Dimms either consist of 8 or 9 chips + the same amount per rank, or double that in case you they used lower bit-rate modules and combine those. Out come those Reg Ecc dimms with 36 + Chips in two rows each side. Those are most often dual Rank but with double the chips per rank.

This particular Dimm looks like single rank to me, just with the chips spread over both sides for what ever reason.

What i find interesting is that i have got 16gb dual rank Samsung ecc that has 8 instead of 9 chips per rank. So the Rule of 9 Chips = > Ecc seems reasonable, though not always true.

@RageBone Is there anything inherently wrong with the layout of my dimm?

So I recently saw this error which I caused by running with my case fans off (may be a fluke)

It seems to have froze after this (wasn’t watching it). The value difference is multiple bits, so it freezing makes sense? Now I need to see a single bit error…

i’m not really the one to judge that.

Though if it is single rank, which it looks to me to be, that wouldn’t be bad.
And Just because a chip is on a different side doesn’t seem like a bad thing either. i mean, the traces and such won’t differ enough to reasonably make this dimm worse then any other dimm.

1 Like

That is definitely different than what I saw. On the line describing the error, it mentioned ecc.

Last night I was playing with cpu core voltage offset, so I didnt play with ram timings to try and get ecc error. I will probably try tonight, and take a picture.

I will have to play around with my system and remember what commands were used. But I think I recall these particular sticks being dual rank.

The chips a 16 gigabit, but a weird stacked kind, of 2x8gigabit chips, I think.
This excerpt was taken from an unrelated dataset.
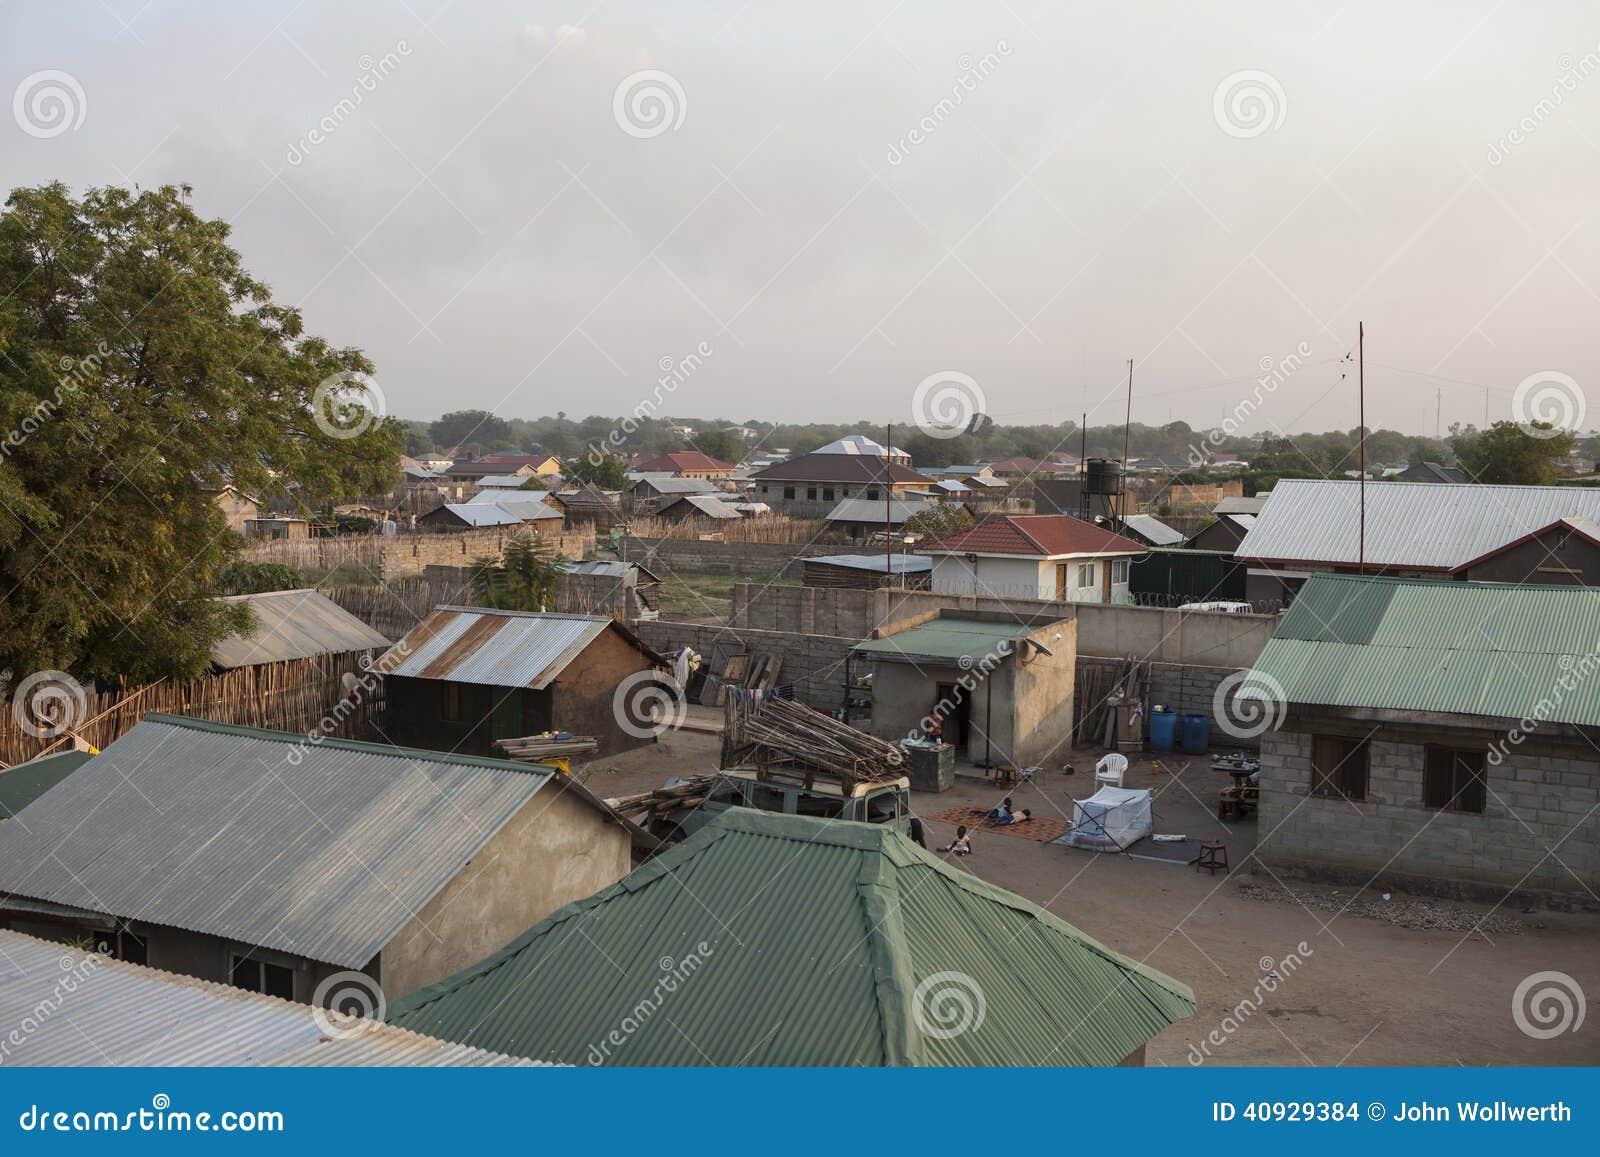 Juba, South Sudan stock photo  Image of sudan, slum, nobody - 40929384

So effectively like having both sides populated fully.

I could be wrong in my recollections, it is not unprecedented.

When I looked at the hynix part number, they looked like they were 2 GB dies.

I might return this ram, since the seller has such a lenient return policy. I just feel dodgy keeping something that I can’t verify on a system that I want to run 24/7.

Duhh on my part. That makes more sense!

Dont know where or how I thought they were 16gb chips. Brain fart.

I, and practically everybody would reccomend crucial with samsung B die.

My one consideration if I were in your shoes: would it be easier to verify a kit of crucial B die ecc ram?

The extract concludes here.